Saat pra-kemerdekaan, para pendiri dan pemimpin bangsa yang beretnis

jawa, sering menyampaikan pidato-pidatonya dengan membawa kesamaan


perjuangan diantara beragamnya etnis di Hindia belanda saat itu. Namun ketika

kepentingan politiknya tercapai, seakan-akan kesamaan perjuangan tersebut

hilang seketika, dan hanya memperjuangkan etnisnya saja.

Ketertinggalan Papua dan Kasus Rasisme


Sering kita mendengar bagaimana tertinggalnya Papua dalam segi

pembangunan, baik itu kita kutip dari berita nasional maupun internasional. Papua

dianggap sebagai daerah yang tak layak berkembang sehingga tidak menjadi

prioritas atau setidaknya diperhatikan oleh pemerintah pusat. Tindakan ini adalah

tindakan pelecehan paling buruk selama kita mulai mengetahui apa itu pelecehan.

Bahkan ketika pembangunan ingin dilaksanakan, jawa akan menjadi patokan

tentang bagaimana papua harus dibangun. Hal ini bisa kita lihat ketika dimasa

orde baru, disaat soeharto ingin meningkatkan program swasembada pangan.

Ratus ribuan hektar lahan di Papua digarap pemerintah untuk menjadi lubung padi

nasional. Padahal disaat yang bersamaan, masyarakat Papua tidak terbiasa dalam

Bertani sawah dan tidak mengonsumsinya dalam jumlah banyak seperti yang ada

di Jawa dan pulau-pulau lain. Mereka mengonsumsi sagu sebagai makanan

pokoknya.

Dalam kasus lain, banyak terjadi rasisme yang dilakukan berbagai

masyarakat terhadap masyarakat Papua yang merantau. Terutama terjadi pada

mahasiswa yang belajar di pulau Jawa. Mereka mendapatkan perlakukan tidak

pantas disaat mereka hanya ingin belajar dan berharap dapat membangun

daerahnya lebih baik. Ada baiknya saya mengingatkan kita semua mengenai kasus

rasisme terhadap masyarakat Papua belakangan ini di Surabaya. Pada bulan


agustus 2019 di Surabaya, kelompok mahasiswa Papua yang tinggal di asrama

mendapatkan perlakuan biadab oleh masyarakat sekitar karena asumsi mereka

yang tidak berdasar. Masyarakat menganggap bahwa masyarakat papua tidak

nasionalis. Hal ini benar-benar membingungkan kita semua, karena disaat inipun

kita masih menyaksikan betapa mayoritas dari mereka menggunakan Bahasa

Indonesia dengan baik dalam kehidupan sehari-harinya.
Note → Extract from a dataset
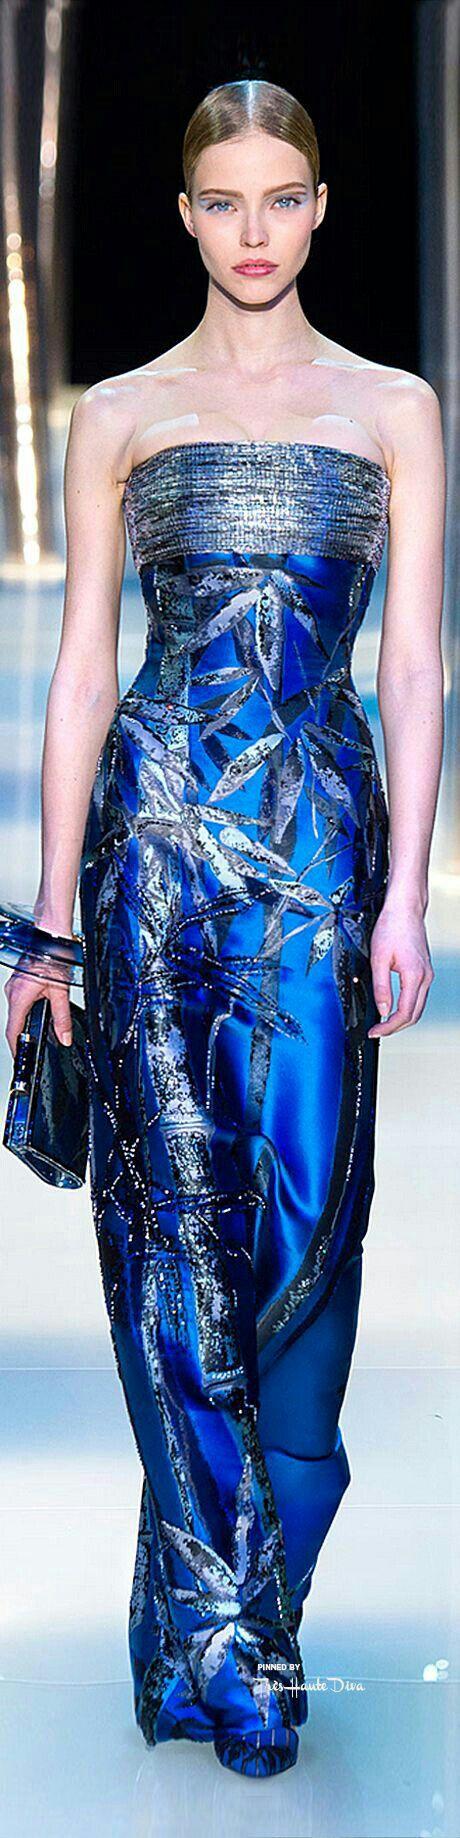 Pin by marika kate on stunning maxi dresses pinterest maxi dresses
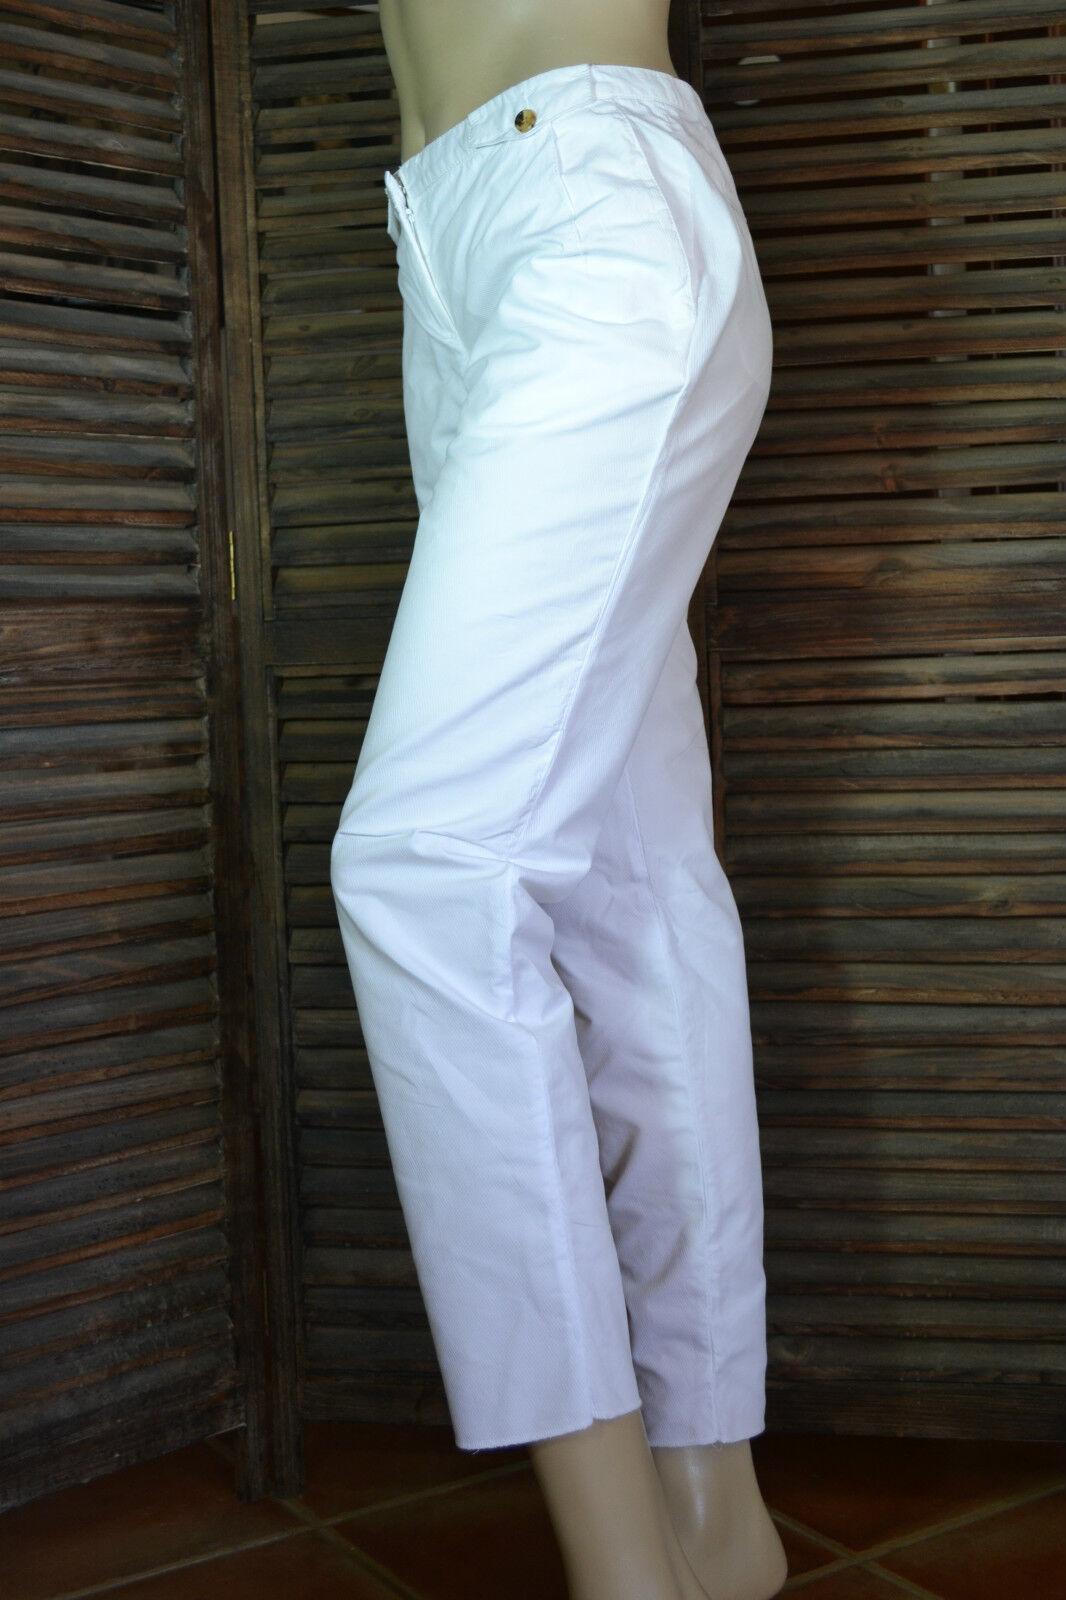 VIKTOR & ROLF Hose weiß trousers pantalon NEU Gr. 42 44 NEW  weiß

Baru-baru inipun kita mungkin masih mengingat bagaimana terdapat

seorang pegiat media sosial yang menyamakan hewan dengan rupa seorang

papua. Bukankah tindakan tersebut seharusnya diproses hukum? Namun

sayanganya pemerintah tidak turun dalam menyelesaikan maslah-masalah ini.

masalah tersebut masih dianggap bisa diselesaikan dengan berjalannya waktu.

Dalam konteks politik, padahal papua adalah sumber suara terbesar yang

memenangkan rezim ini dikursi kekuasaan dalam dua periode.

Kesimpulan
Jokowi dalam suatu kesempatan ditahun 2019 menyebut bahwa Jawa dan

Papua bagaikan bumi dan langit. Dari apa yang disampaikannya, kita merasa

rezim ini peka akan kepedihan yang dirasakan masyarakat papua sekarang.

Namun tetap saja kita masiih menyaksikan jarak yang dibuat pemerintah diantara

Jawa dan Papua.

Berharapnya seorang calon penguasa terhadap suatu etnis untuk

mendukungnya adalah suatu bentuk politisasi etnis. Calon penguasa akan

menggambarkan suatu situasi, di mana dia akan berpihak pada etnis tersebut jika
kemudian dia terpilih. Namun ketika mencapai kursi kekuasaan, dia melupakan

harapan-harapan suatu etnis untuk memperjuangkan kesejahteraannya. Menurut

hemat Saya, ini adalah tindakan politik etnis yang paling tidak beradab.

Memanfaatkan kuantitas etnis untuk mencapai kepentingan sosial, politik, dan

ekonominya, lalu meninggalkannya seketika.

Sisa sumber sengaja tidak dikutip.